Pluck, pluck, pluck — issue #74

Pluck, pluck, pluck — issue #74

What would you do if you discovered a new resource growing in abundance on your land? What if it comes with a cost? Human behaviour is age-old, and we seem bound to repeat the choices that have echoed throughout history. We ponder access, utility, and the secret calculations we make every day.

Imagine you’ve discovered an entirely new and useful fruit, growing only on land you own. Let’s call it “wonderfruit”. 

You have a couple of options:

  • Leave it alone
  • Use wonderfruits sparingly for yourself and your community, and leave the rest as they are
  • Learn the best ways to cultivate wonderfruits. Sell a portion of what’s available, ensuring you have a tidy stream of income
  • Look for a well-financed entity that will invest in growing it at scale, and then become a salaried employee of said entity

Now, what if you learn that each time you pluck a wonderfruit, an animal you find cute has a higher likelihood of dying? Pluck, it chokes on its own saliva. Pluck, its family develops a mysterious disease. Pluck, it spontaneously combusts. It didn’t cost you anything to benefit from its usefulness, but it definitely cost something to another being. As a discoverer of the wonderfruit, your choices are very real and immediate to you.

But what if you’re just a consumer? You might have heard about the wonderfruit’s impact on animals, and thought to yourself, “that’s nothing to do with me”. Maybe there is a more expensive brand, where a portion of what you pay goes to helping wonderfruits grow more sustainably. But how do you ensure that? You can’t, and maybe… you don’t really want to think about it, because it’s too bitter a pill to swallow. So you buy the fruit and enjoy it. That’s the end of the story for you. 

In a system that wants to blind us with sweetness (A well-deserved holiday! This shiny new thing! A miraculous wonderfruit!), these bitter pills are rarely offered up willingly. It’s not just about that new phone, AI chatbot, or blindboxes with the latest collectible. Think: the carbon emissions from your flight on every vacation, or out-of-season fruits in the supermarket that need hothouses to grow all-year round. The hidden costs are not always hidden, but we all do our own implicit calculations that we can make sense of and live with. 

Illustration of cupping hands holding pills which represents modern conveniences like flights, electricity and transport.

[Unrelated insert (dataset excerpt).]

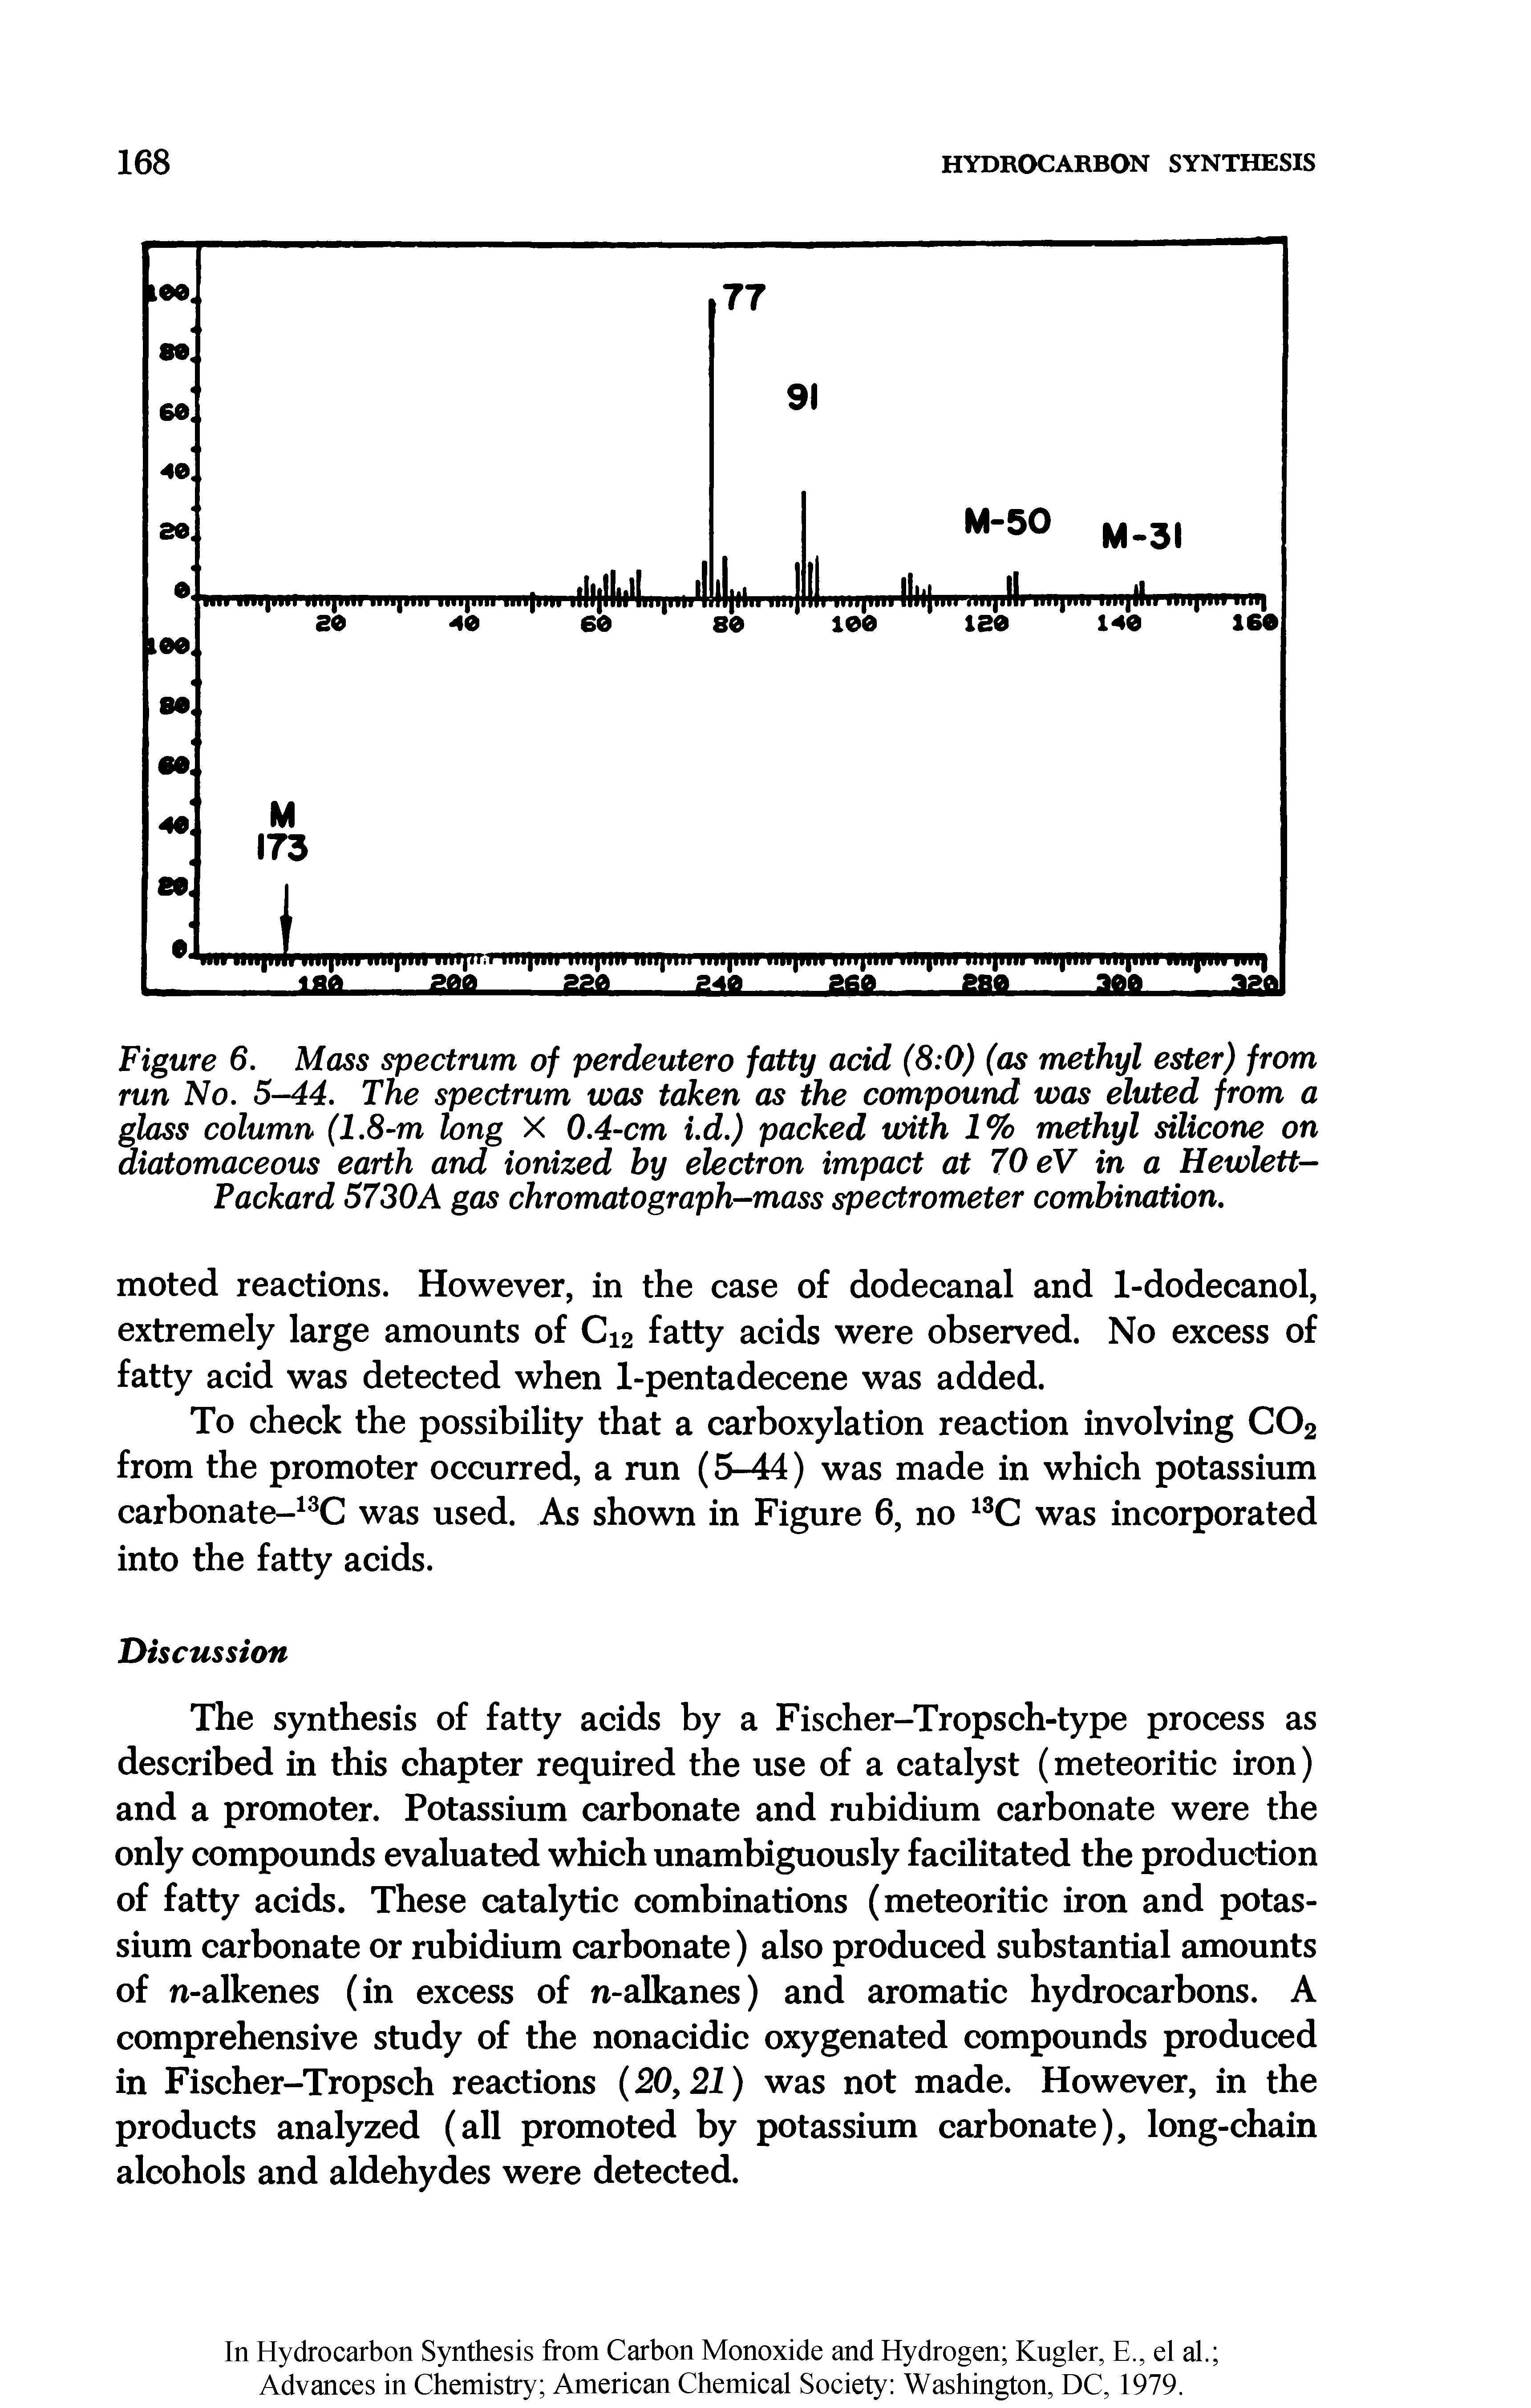 Figure 6. Mass spectrum of perdeutero fatty acid (8 0) (as methyl ester) from run No. 5-44. The spectrum was taken as the compound was eluted from a glass column (1.8 m long X 0.4-cm i.d.) packed with 1% methyl silicone on diatomaceous earth and ionized by electron impact at 70 eV in a Hewlett-Packard 5730A gas chromatograph-mass spectrometer combination.

The wonderfruit seems like a silly little example, but it represents a kind of cost calculation that is involved in the discovery of every useful thing we’ve obtained from our world. Just substitute “wonderfruit” for any other product or service that is of use to societies, and follow that train of thought all the way to the end-consumer. Like you and me. What are the bitter pills that we’ve long learned to swallow, the tastes that no longer linger on the tongue? It doesn’t mean we have to stop enjoying things, but those trade-offs will always be part of the larger picture, if we choose to look.